Литературная классика в соблазне экранизаций. Столетие перевоплощений — страница 70 из 134

[323]. Благополучного исхода для героини автор не видел ни в каком случае, правда, в поздних вариантах романа Анна и Вронский стали выглядеть благороднее, возвышеннее, привлекательнее, даже красивее. Автор, кажется, сильно привязался к своим героям и даже стал сочувствовать их несчастной любовной связи.

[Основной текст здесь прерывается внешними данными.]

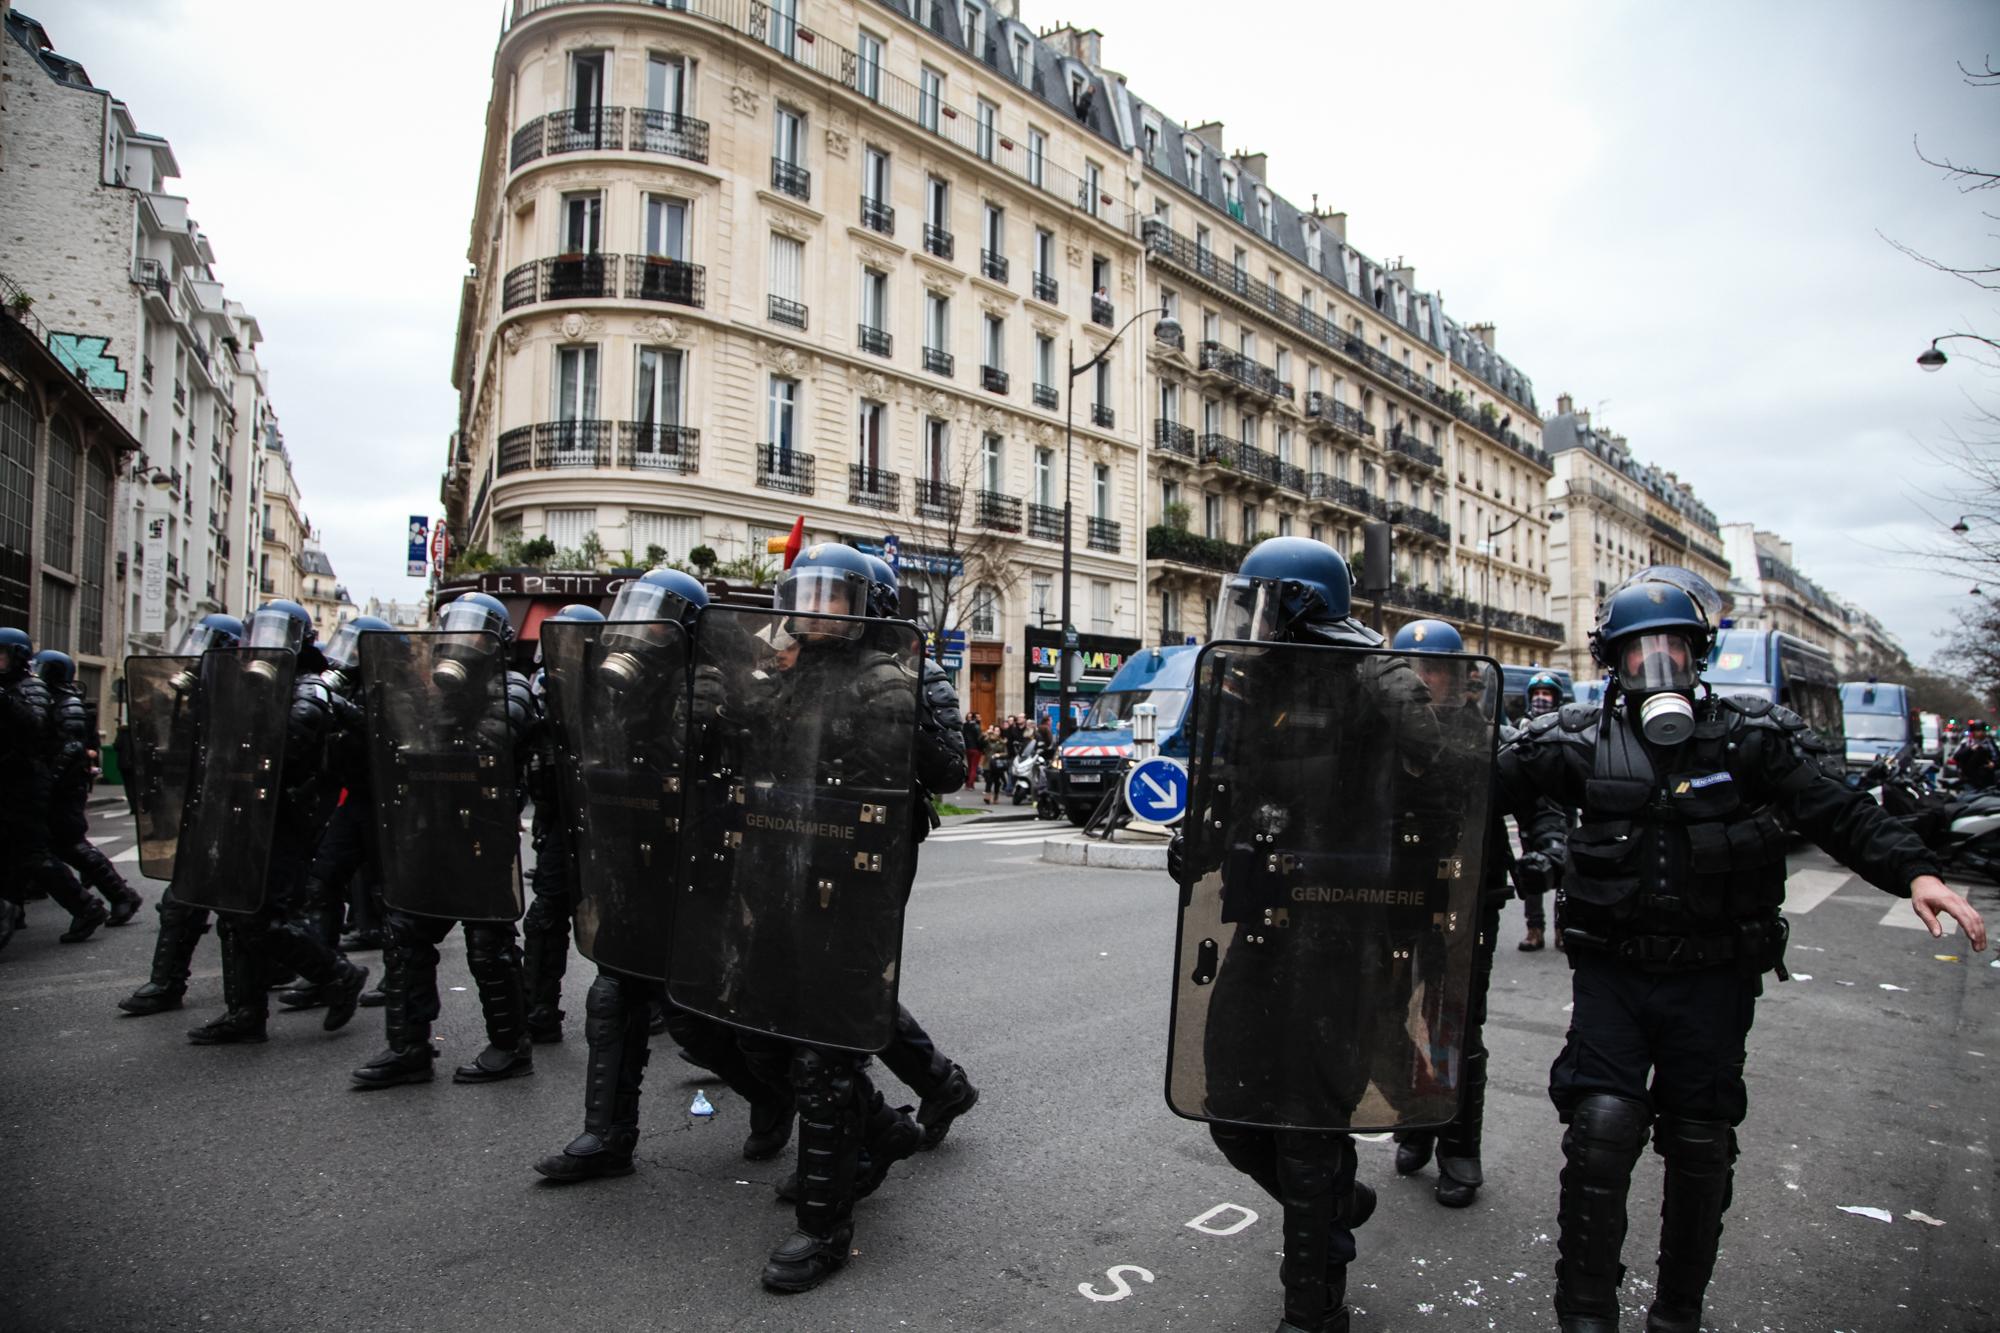 11-201703-MARCHE-CONTRE-VIOLENCES-POLICIERES©Augustin-Le_Gall-Haytham-Pictures-IMG_3820.jpg

Защитники «свободы чувств» никак не могли понять, почему мучается Анна, почему она так расстроена и угнетена. Приверженцы революционного лагеря упрекали героиню не за то, что она оставила нелюбимого мужа, а за то, что всецело поглощена борьбой за личное счастье, в то время как передовые русские женщины (Вера Фигнер, Софья Перовская, Анна Корвин-Круковская и другие) поставили крест на личном счастье и посвятили себя борьбе за счастье народа.

Уже через четыре месяца от начала печатания «Русский вестник» счел необходимым разъяснить свое отношение к журнальной новинке. В статье «По поводу нового романа гр. Толстого», подписанной буквой «А» (ее автором был Василий Григорьевич Авсеенко, критик и романист катковского круга), утверждалось, что «Анна Каренина» – это, прежде всего, великосветский роман, а сам Толстой – художник, принадлежащий к школе чистого искусства.

Критик, превознося романиста, восторгаясь сценой бала и множеством великосветских лиц[324], будто бросал вызов журналистике противоположного толка – и радикальная пресса разразилась негодующими оценками, из года в год не снижая градуса негодования.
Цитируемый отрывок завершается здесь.